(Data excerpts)
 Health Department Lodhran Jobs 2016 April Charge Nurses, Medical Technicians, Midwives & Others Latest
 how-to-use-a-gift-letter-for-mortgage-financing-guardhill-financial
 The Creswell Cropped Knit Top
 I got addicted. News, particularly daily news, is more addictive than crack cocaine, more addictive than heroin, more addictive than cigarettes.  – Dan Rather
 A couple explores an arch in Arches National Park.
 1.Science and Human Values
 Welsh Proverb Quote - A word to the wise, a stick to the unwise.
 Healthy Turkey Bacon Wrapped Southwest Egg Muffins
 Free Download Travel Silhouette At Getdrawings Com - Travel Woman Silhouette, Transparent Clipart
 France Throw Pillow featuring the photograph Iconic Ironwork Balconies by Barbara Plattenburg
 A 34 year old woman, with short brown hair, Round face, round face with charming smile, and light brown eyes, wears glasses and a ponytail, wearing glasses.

**TASK DIRECTIONS:**
Above are the entries; repeat their lines exactly, from the first through the one that contains "The Creswell Cropped Knit Top".

**SOLUTION FOR THIS EXERCISE:**
 Health Department Lodhran Jobs 2016 April Charge Nurses, Medical Technicians, Midwives & Others Latest
 how-to-use-a-gift-letter-for-mortgage-financing-guardhill-financial
 The Creswell Cropped Knit Top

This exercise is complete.